Fique por dentro

O roubo do mapa de Quintana (por Luiz Antonio Grassi)

25/08/2025 | ABES-RS

O roubo do mapa de Quintana (por Luiz Antonio Grassi)

Luiz Antonio T. Grassi (*)

 

“Olho o mapa da cidade

Como quem examinasse

A anatomia de um corpo…

 

(E nem que fosse o meu corpo!)

 

Sinto uma dor infinita

Das ruas de Porto Alegre

Onde jamais passarei..

… … ,,,”

 

Roubaram, Poeta, a placa que perenizava teu poema! Bem junto à praça da Feira do Livro, a mesma em que eras encontrado frequentemente curtindo a cidade que te acolheu e a quem acolheste na tua poesia! Levaram a placa, mas o teu terno mapa ficará na memória e na emoção dos teus versos. Amaste a cidade, mesmo as ruas que não andaste, as esquinas esquisitas e as moças bonitas. Esse teu poético amor não será nunca roubado.

Mas nem imaginas, Poeta, como anda a “cidade do teu andar”! Lembras da enchente de 41? Como contaste, “entrava-se de barco pelo corredor da velha casa de cômodos onde eu morava. Tínhamos assim um rio só para nós. Um rio de portas adentro. Que dias aqueles! E de noite não era preciso sonhar: pois não andava um barco de verdade assombrando os corredores?

Foi também a época em que era absolutamente desnecessário fazer poemas…” Pois Poeta, viste construírem o Muro da Mauá e deves ter confiado nele, para que não mais andasse um barco assombrando por aí… Mas não cuidaram do muro.
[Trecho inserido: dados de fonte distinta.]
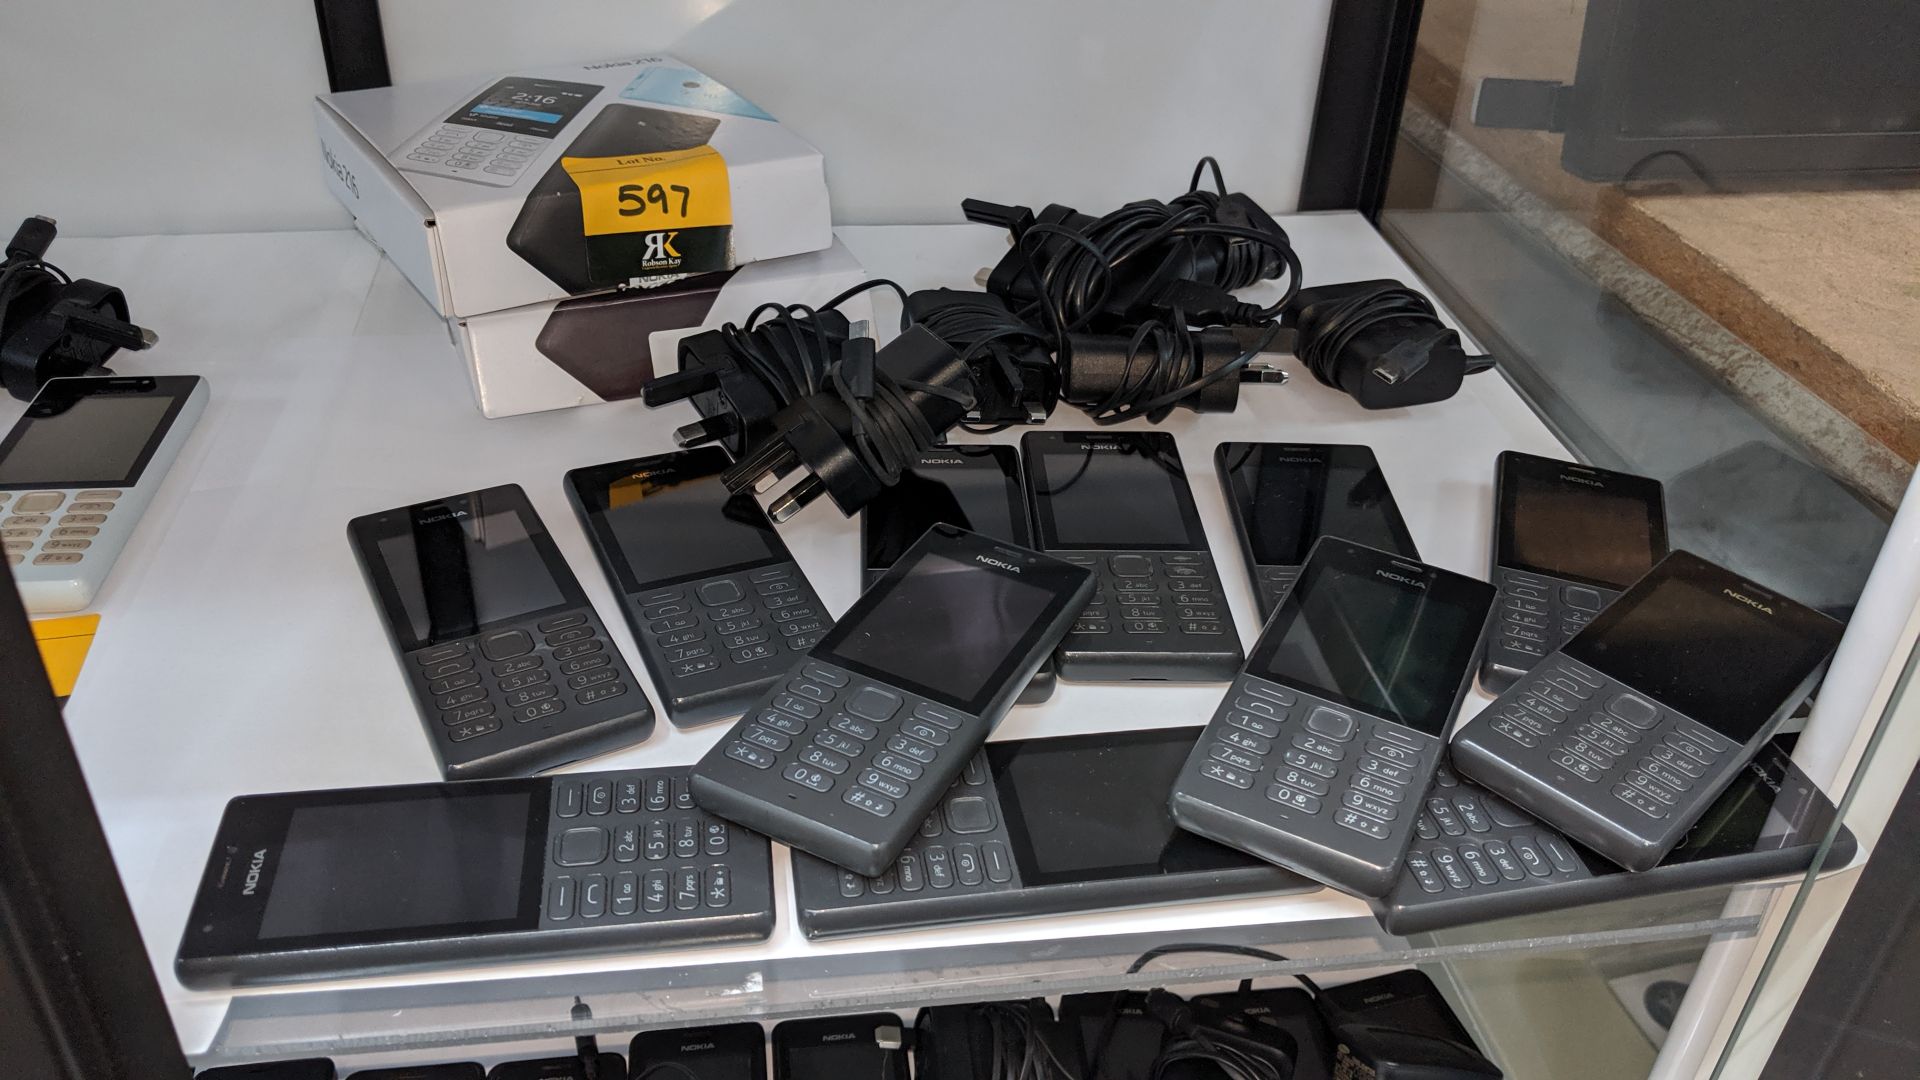 12 off Nokia 216 black mobile phones including 7 chargers & 2 boxes. We believe these phones were - Image 2 of 6

Deixaram que, esquecido, se lamentasse, permitindo que a água do Guaíba inundasse as ruas, os edifícios, nosso querido Mercado Público, nosso Margs e tantos negócios e tantas residências. Até mesmo o hotel em que viveste tantos anos, a nossa Casa de Cultura, foi invadida pelas águas. Também não cuidaram para que as bombas levassem as águas da chuva até o lago. E elas ficaram do lado errado, alagando e juntando-se à inundação.

 

Em teus vagares, como dizes, “poeira ou folha levada pelo vento da madrugada”, deves ter chorado pela tua cidade. Já imaginavas, em outra poesia, “em cima do telhado – pirulin lulin lulin, um anjo, todo molhado, soluça no seu flautim”.

Olha, Poeta, justamente nesta tua cidade das ruas onde jamais passarás, esta cidade que foi inundada e que tantas vezes é alagada, quem devia preservá-la de novas tristezas parece nem pensar que essas tragédias podem acontecer de novo e até em pouco tempo! Deves saber melhor do que nossas autoridades que cada vez mais nossa cidade e nosso mundo sofrerão com essas novas loucuras climáticas provocadas pela própria humanidade.E agora, Poeta, querem planejar uma nova cidade. Mas não estão olhando “o mapa da cidade como quem examinasse a anatomia de um corpo”. Para os planejadores, a cidade é um objeto, uma mercadoria, uma coisa.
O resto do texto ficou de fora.